The research that is used to support the claims is often proprietary, meaning the authors are
under no obligation to release methodological details and the studies have not been subjected to
the normal academic peer review process.
One of the more widely-cited references in support of the claims about the net generation's
distinct characteristics is Howe and Strauss’s Millennials Rising: The Next Great Generation
(2000). They state: "Over the next decade, the Millennial Generation will entirely recast the
image of youth from downbeat and alienated to upbeat and engaged – with potentially seismic
consequences for America” (p. 4). But only two surveys form the empirical base for their claims.
The first is a survey of 200 elementary school, middle school and high school teachers in Fairfax
County, Virginia; the second is a survey of 660 students from the public high schools in the same
county. Based on this data, from a very geographically limited population, they assert this entire
generation is:
Beginning to manifest a wide array of positive social habits that older Americans
no longer associate with youth, including a new focus on teamwork, achievement,
modesty, and good conduct...look closely at the dramatic changes now unfolding
in the attitudes and behaviours of today's youth, the 18 and unders of the year
2000. The evidence is overwhelming - and just starting to attract notice. (p. 4)

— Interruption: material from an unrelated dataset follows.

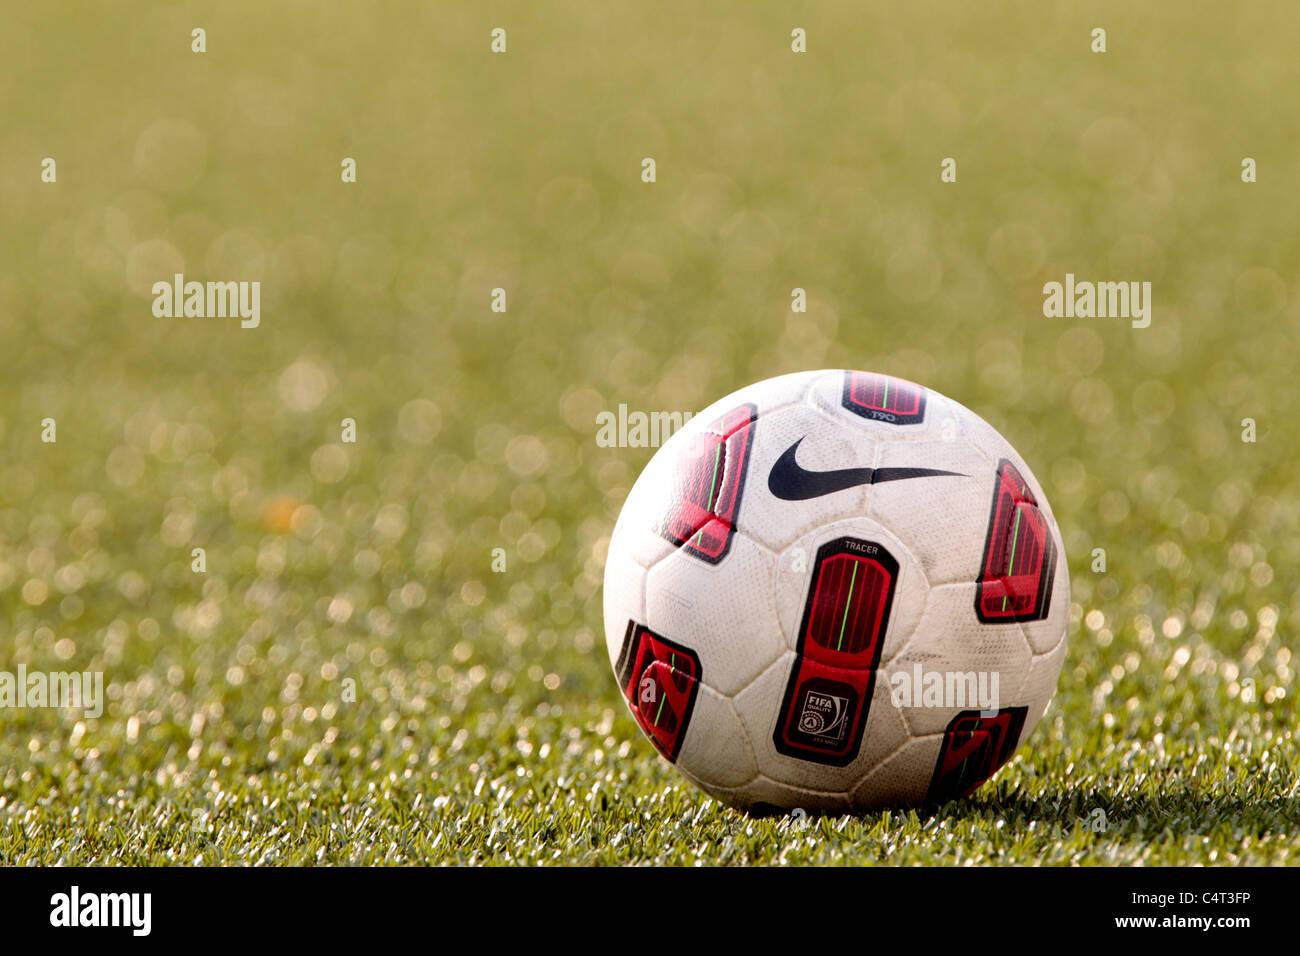 22.06.2011, Nike T90 Catalyst balón de fútbol, pelota oficial de la 23ª  Copa de la ciudad de León de Canon, Jalan Besar Stadium, Singapur  Fotografía de stock - Alamy

Tapscott (2009) also makes some sweeping statements about the characteristics of the net
generation. He proposes what he calls his eight net generation norms: freedom, customization,
integrity, scrutiny, collaboration, entertainment, innovation, and speed. However, as mentioned
earlier, Tapscott’s research was privately funded, and he does not provide the full details of his
methodology that would allow for a proper assessment. It is not clear how he arrived at these
eight norms.
Oblinger and Oblinger (2005) have probably done the most to legitimize the notion that this
generation has unique personal and behavioural characteristics because their book was published
by the well-known EDUCAUSE organization and made available as a free download. It is an
edited volume of 14 chapters that are, for the most part, based on a mixture of speculation and
anecdotal reports. They echo much of what Howe and Strauss (2000) say about this generation.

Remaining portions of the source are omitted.